- Film poster
- Directed by: Shinji Aoyama
- Written by: Shinji Aoyama Masaki Fukasawa
- Based on: Lakeside by Keigo Higashino
- Produced by: Takenori Sento
- Starring: Kōji Yakusho Hiroko Yakushimaru Etsushi Toyokawa
- Cinematography: Masaki Tamura Yoshihiro Ikeuchi
- Edited by: Shinji Aoyama
- Music by: Hiroyuki Nagashima
- Release date: October 11, 2004 (Busan International Film Festival);
- Running time: 119 minutes
- Country: Japan
- Language: Japanese

= Lakeside Murder Case =

Lakeside Murder Case (レイクサイド マーダーケース, Reikusaido mādā kēsu) is a 2004 Japanese mystery film directed by Shinji Aoyama, starring Kōji Yakusho, Hiroko Yakushimaru and Etsushi Toyokawa.

==Plot==
Four couples are staying at a lakeside cottage with their children. They want them to prepare intensely for a prestigious high school's entrance exam with the help of a private tutor. One night, one of the wives confesses to her husband that she has killed his mistress...

==Cast==
- Kōji Yakusho as Shunsuke Namiki
- Hiroko Yakushimaru as Minako Namiki
- Etsushi Toyokawa as Masaru Tsukumi
- Akira Emoto as Tomoharu Fujima
- Fukumi Kuroda as Kazue Fujima
- Shingo Tsurumi as Takashi Sekiya
- Kaoru Sugita as Yasuko Sekiya
- Yuko Mano as Eriko Takashina

==Production==
In an interview with Midnight Eye, the director Shinji Aoyama said, "I wanted to talk about whether parents really understand their kids and vice-versa. That's really the most basic thing the film is about." In an interview with The Japan Times, he stated that it was a story about ordinary people, saying "At first they don't understand anything -- then they find out little by little. There's no professional detective.
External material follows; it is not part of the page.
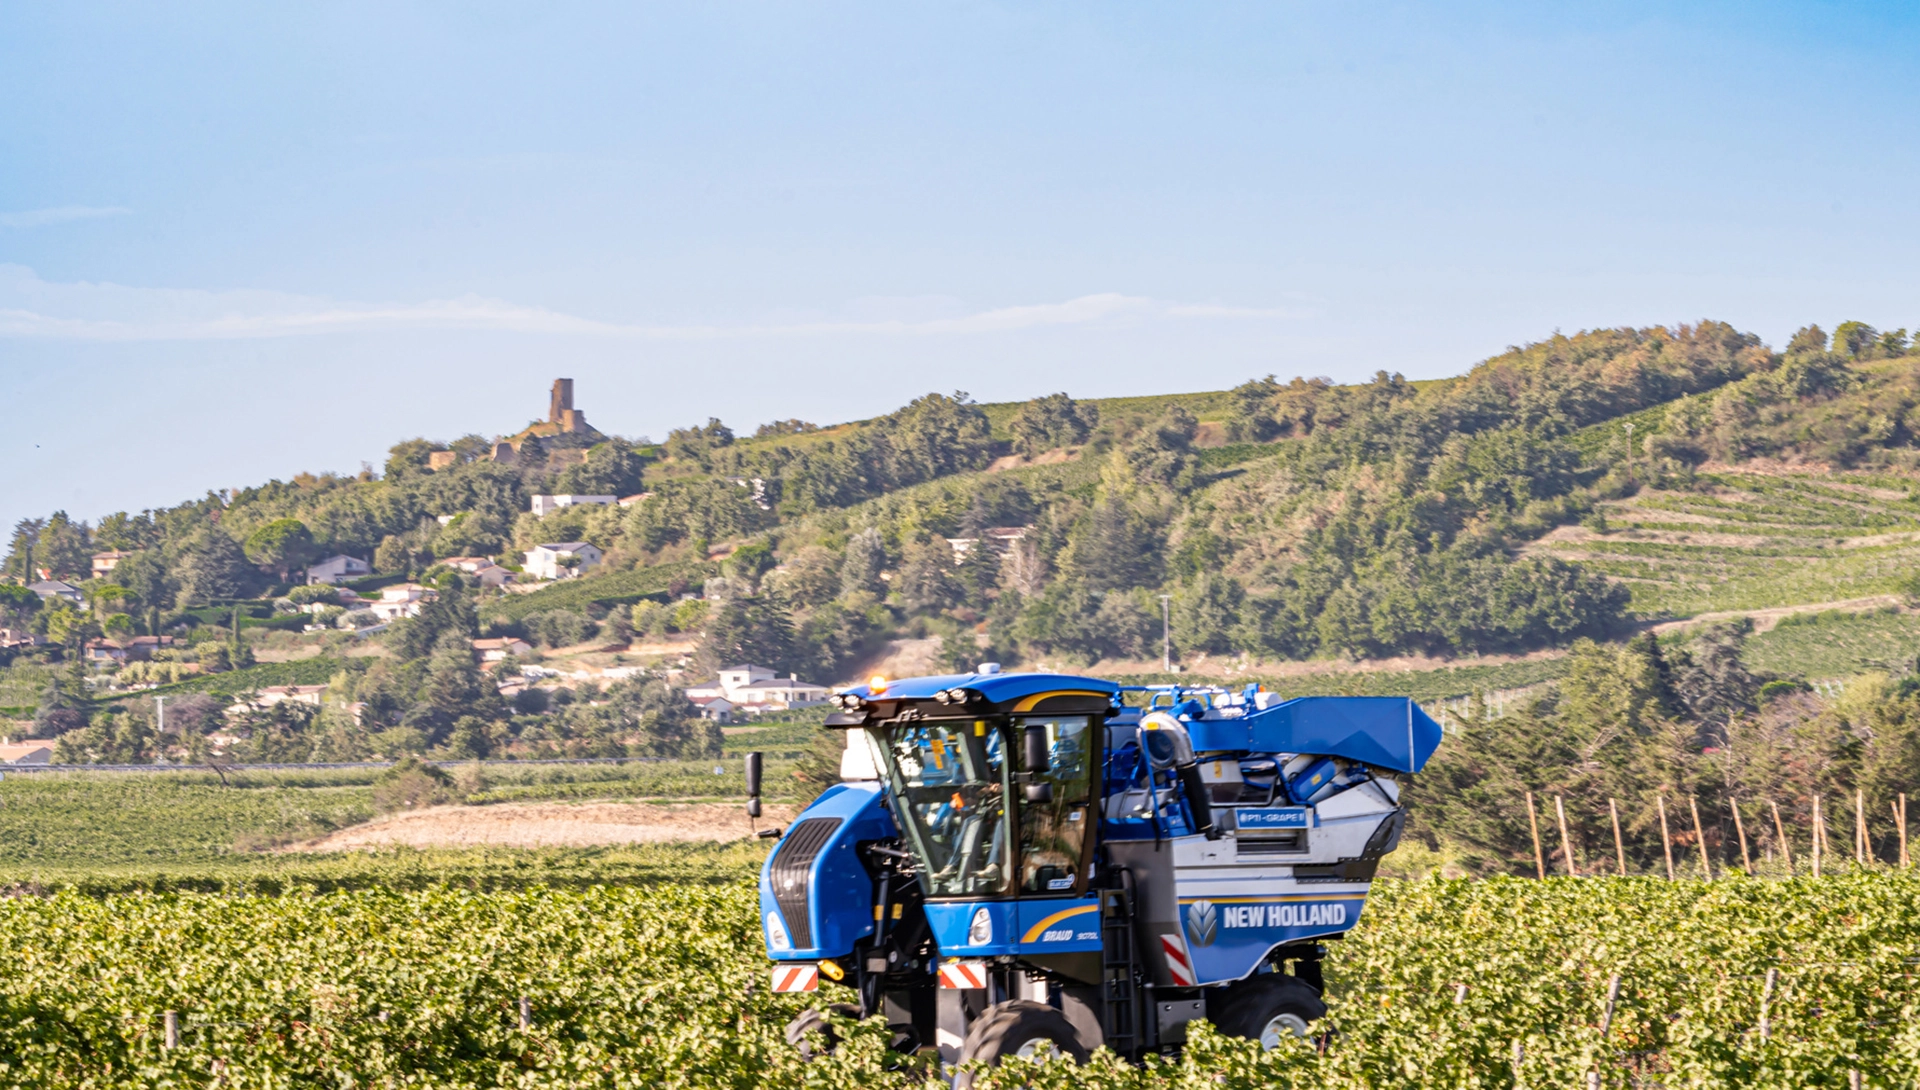 Braud High Capacity Grape Harvester on the field

Everyone is an amateur. It's an all-amateur mystery."

==Reception==
Mark Shilling of The Japan Times gave the film 3.5 stars out of 5. He felt that the film was "less a commercial whodunit with a gorgeous corpse than a dark, multilayered psycho-drama, whose subjects include the ills of the Japanese educational system and the moral limits of parental love." However, he also noted that it was "more mainstream" than Shinji Aoyama's other films. He concluded by saying, "the film does pose a timely question. In a winner-take-all society, how can one compete successfully and stay human? The answer may be staring us in the face, albeit from the bottom of a lake." Russell Edwards of Variety said, "[Koji] Yakusho delivers yet another credible performance. Other thesps are solid and tech credits are excellent."